La BCE promet de continuer à augmenter ses taux d’intérêt pour lutter contre l’inflation. L’institution de Francfort prédit que la hausse des prix va rester au-dessus de son objectif de 2 % pendant trois ans et que la croissance en 2023 dans la zone euro ne sera que de 0,5 %. Analyse de Patrick Barbe, Head of European Investment Grade Fixed Income chez Neuberger Berman.
Comment pensez-vous que les investisseurs et les marchés vont réagir à la hausse du taux directeur de la BCE ?
La décision de la BCE de relever de 50 points de base son taux directeur était attendue. En fait, la surprise « hawkish » est venue de l’annonce de Mme Lagarde qui a indiqué qu’il faudrait s’attendre à une période de hausses régulières à l’avenir.

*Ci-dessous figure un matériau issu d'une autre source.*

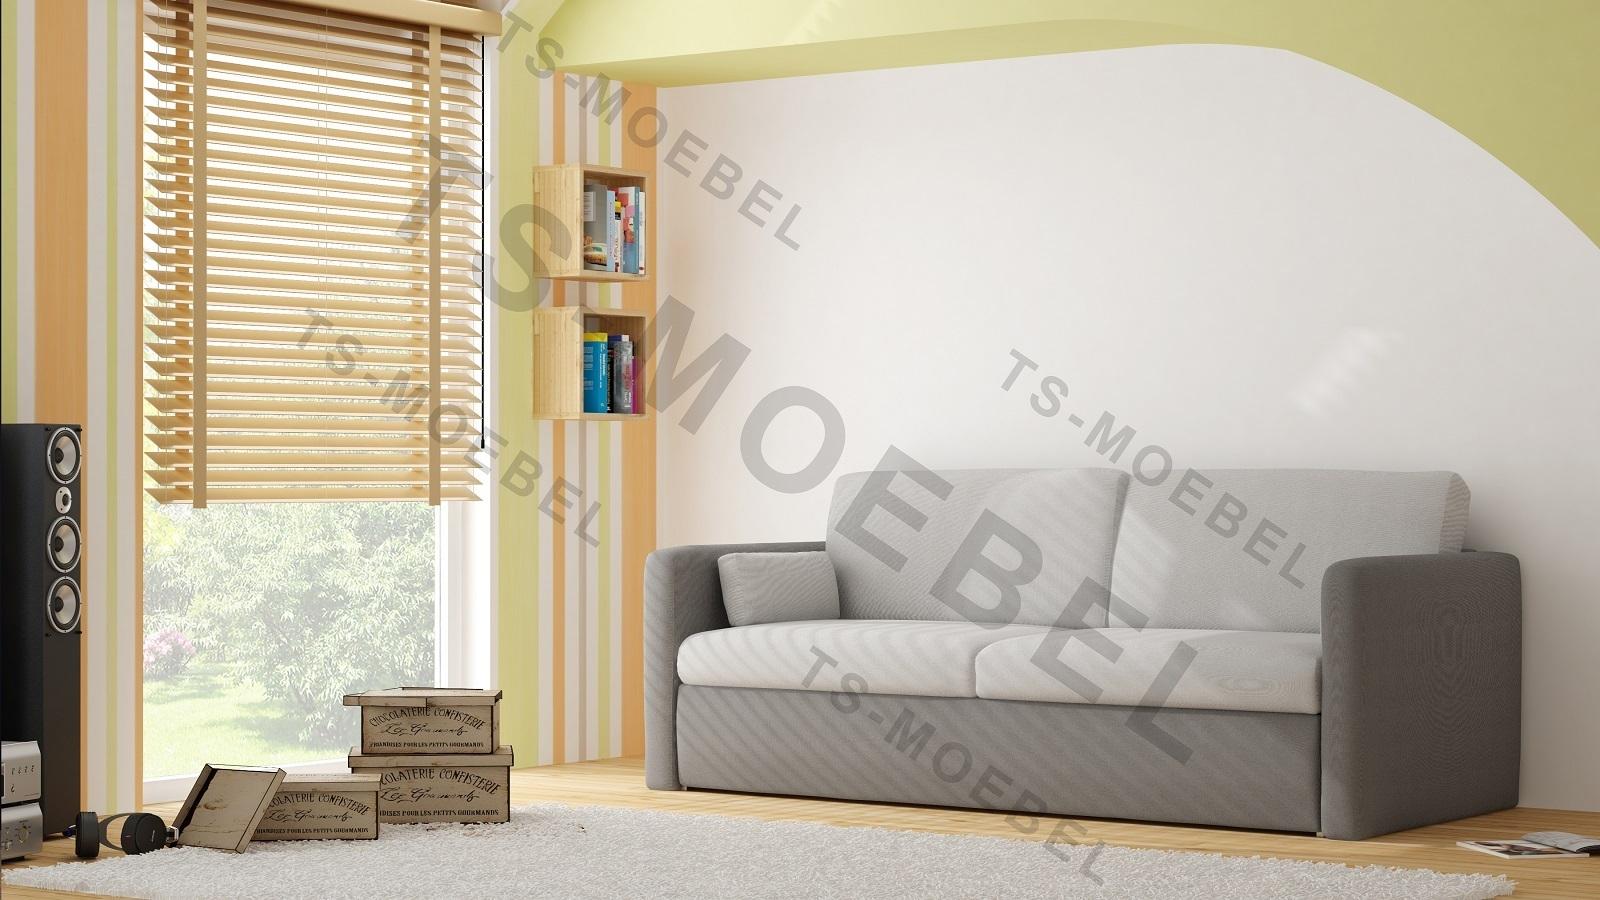 Etagenbett Sofa Duo : Etagenbett sofa hochbett mit drunter amazing luxus

Elle a expliqué que la BCE devrait en faire plus que la Fed, ce qui signifie que le taux directeur de la BCE pourrait potentiellement atteindre au moins 3%. Cette annonce devrait impacter tous les types d’obligations en euros à la baisse.

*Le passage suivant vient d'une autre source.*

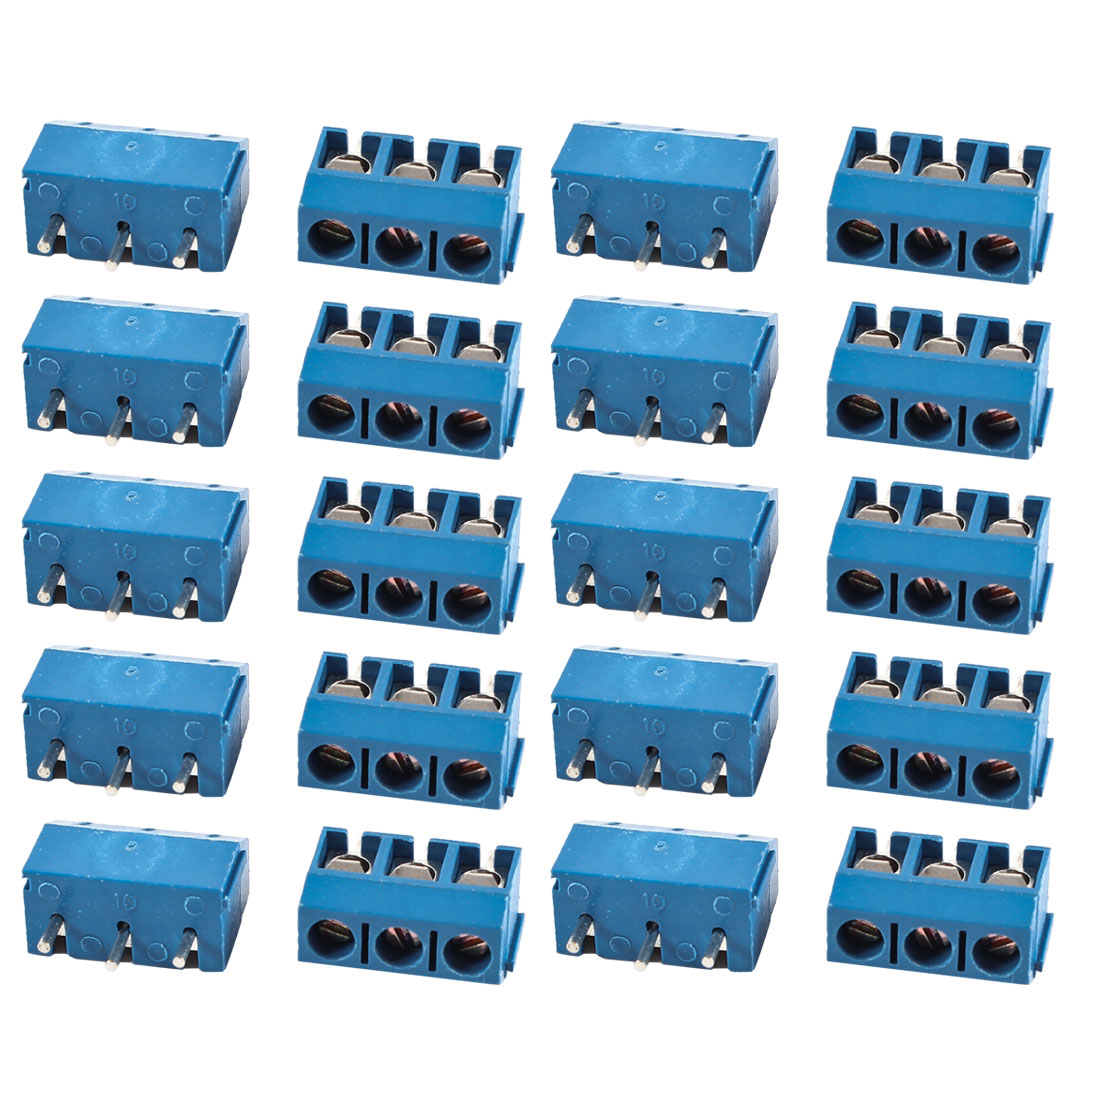 20 Pcs Blue KF301-3P 3 Position 5mm Pitch PCB Mount Screw Terminal Block Connectors 300V 16A

Que signifient les décisions prises par la BCE aujourd’hui pour l’inflation de la zone euro en 2023 ?
La décision et l’intention de la BCE de continuer à relever les taux devraient entraîner une baisse de l’activité et de la demande en euros, de sorte que nous pouvons nous attendre à ce que la croissance de l’euro en 2023 soit inférieure aux prévisions actuelles de la BCE, estimées à + 0,5 %. Cela devrait impliquer une inflation domestique plus faible, comme dans le secteur des services. Ainsi, nous nous attendons à ce que l’inflation de base, un objectif clé de la politique monétaire de la BCE, soit inférieure aux prévisions de la BCE (4,2%) pour l’année prochaine.
Comment ces mesures vont-elles affecter la stratégie d’investissement de Neuberger Berman à l’avenir ?
La récente chute des prix des matières premières a conduit les entreprises à devenir de moins en moins pessimistes, ce qui implique une croissance économique plus élevée au quatrième trimestre. La BCE a donc décidé d’ignorer le risque lié à l’activité et de se concentrer sur la lutte contre l’inflation. Nous devrions maintenir notre exposition prudente à la duration obligataire là où le rendement du Bund à 10 ans est inférieur à 2%. Cela confirme également notre surpondération du secteur financier.
Quelle décision vous semble la plus notable ? Laquelle vous paraît la plus marquante et pourquoi ?
La décision de réduire le portefeuille du programme d’achat d’actifs (APP) à partir de début mars 2023 est à noter. Cela signifie que la zone euro ne réinvestira pas un montant de 15 milliards d’euros par mois en moyenne, des paiements du principal des titres arrivant à échéance, et ce, jusqu’à la fin du deuxième trimestre 2023. Il s’agit d’un résultat important car le programme d’émission d’obligations d’État en euros va augmenter l’année prochaine, ce qui devrait peser sur les spreads des pays non « core », en particulier sur les échéances longues.